Ордена – выведшего страну из одной деструкции и ввергнувшего ее в другую.
Ордена – где творец доктрины лишь в конце жизни понял ее дефектность. Понял – и умер.
Ордена – где «первосвященник», занятый разворачиванием социального обрамления доктрины, «оформлял» пустоту, знал об этом, сознавал дефектность первоосновы и не мог ничего изменить.
Ордена – где каждый последующий шел по пути деструкции и мафиизации.
Ордена – чей трагический опыт должен быть осмыслен и преодолен. Все происходившее с ним до сих пор покрыто мраком, и нам рано судить, не понимая, что мы судим и какой мерой меряем произошедшее с нами.
Солдаты двух последних мировых войн, пережившие трагедию Мазурских болот и Соловьевской переправы, вспоминали, что самое страшное было услышать надсадный, рвущийся изнутри крик: «Измена!» И вдруг осознать, что твои начальники, твои вожди – предали. После того как подобное осознание приходит в народ, он сбрасывает элиту как целое, не разбираясь, кто прав, кто виноват. Он начинает творить страшные преступления, он совершает исторический грех, одновременно, этой страшной ценой, спасая себя от тотального истребления. Судить его за это может лишь Бог. Наша задача, чтобы до этого не дошло. Чтобы связь народа и его элиты ни в коем случае не была разорвана.
Что крепче всего в архетипе русского народного сознания? Крепче всего ненависть к князю, ползающему на брюхе перед татарским ханом, враждующему со своими и открывающему ворота чужим, ненависть к военачальнику, вступившему в сговор с врагом, ненависть к предателю, к полицаю. Символ предательства, как самого страшного из всех грехов, – открываемые ночью ворота осажденного города. Если мы хотим, чтобы произошло воскресение страны и народа, мы должны осознать сами и дать ему осознать, сколько предательств совершено за последнее время.
Предательство отцов, предательство вышвыриваемых из могил предков, есть предательство онтологическое, бытийное.
Предательство союзников, которым Россия была верна всегда и во всех случаях – была верна безмерно, была чрезмерно верна, скажем мы, – сегодня стало тотальным. Тем самым идет добивание страны, превращение ее в страну-предательницу, в страну, презираемую всеми, в страну без союзников и без прошлого, в страну без будущего. Протест против такого предательства – будь то несчастный старик Хо-неккер, сидевший при нацистах в Моабите и помещаемый туда снова, будь то омоновец, судимый за то, что он выполнял приказ, будь то вчерашний союзник, соблазненный тем, что вчера называлось суперидеей, а сегодня бредовым проектом, – должен быть заявлен однозначно. Должна быть восстановлена в своих правах попранная система ценностей, на основе которой отрицается предательство.
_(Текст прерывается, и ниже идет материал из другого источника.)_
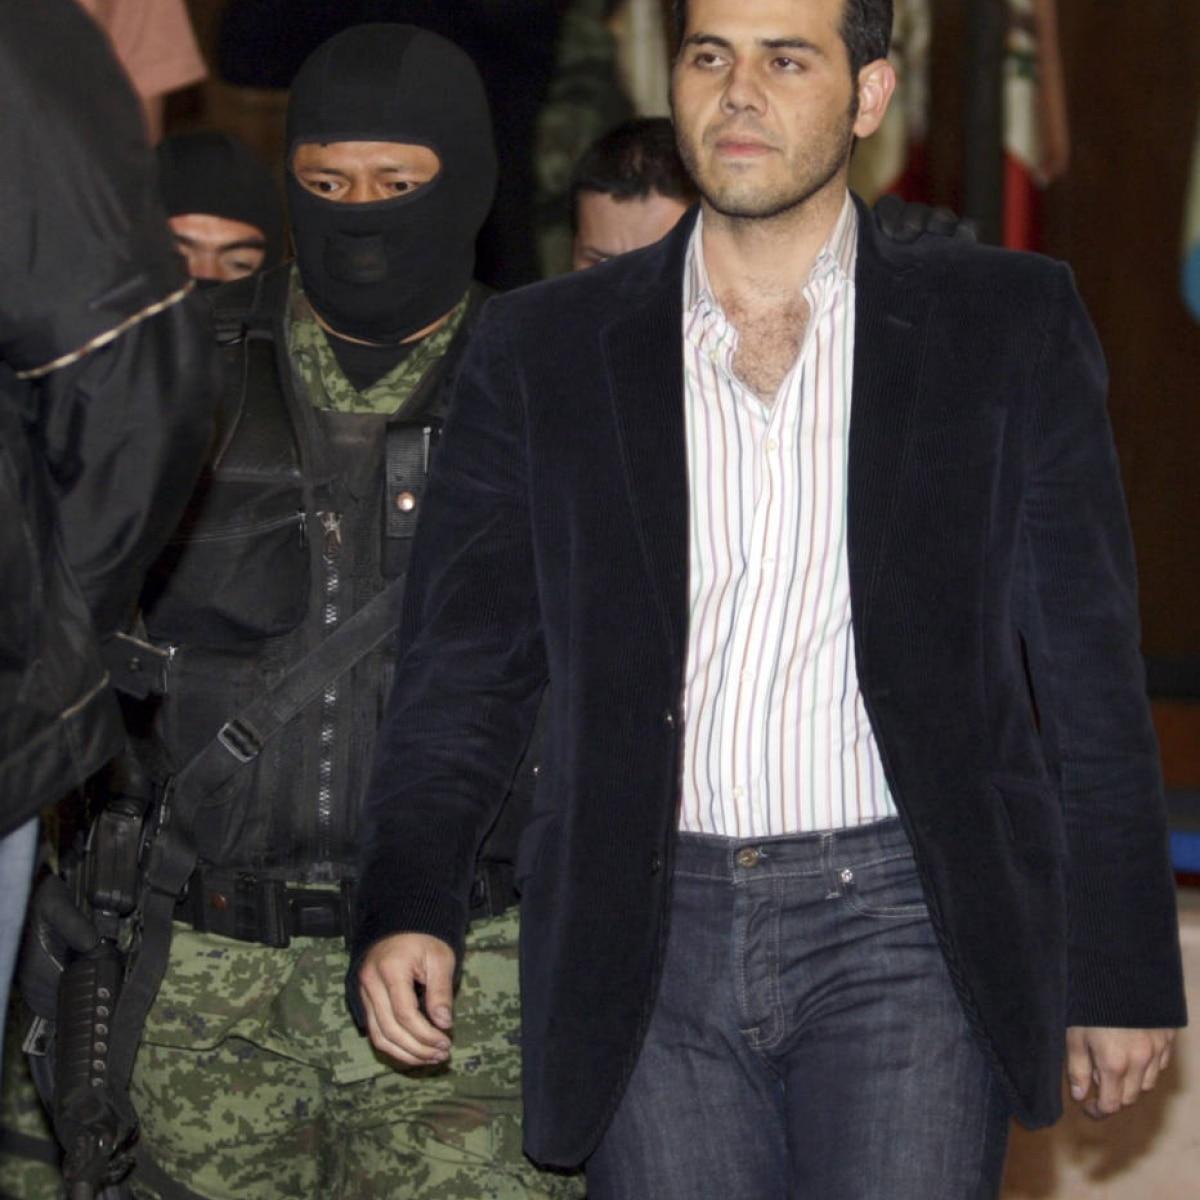 Ostentação na web leva filhos de chefões do narcotráfico à prisão no México  - Internacional - Estadão

Такие понятия, как честь, жертва, долг, – все это принадлежит человеческому и общечеловеческому, национальному и персональному, и никакое государственное строительство невозможно, пока это не будет восстановлено. Платой за предательство должна быть не месть, а возмездие. Это отвечает духу христианства, это отвечает принципам мировых религий. Предательство как антиценность и верность как ценность. Вот стержень нравственной системы координат, который должен быть восстановлен в любом случае, если мы хотим осуществлять полноценный проект строительства нового государства и нового общества.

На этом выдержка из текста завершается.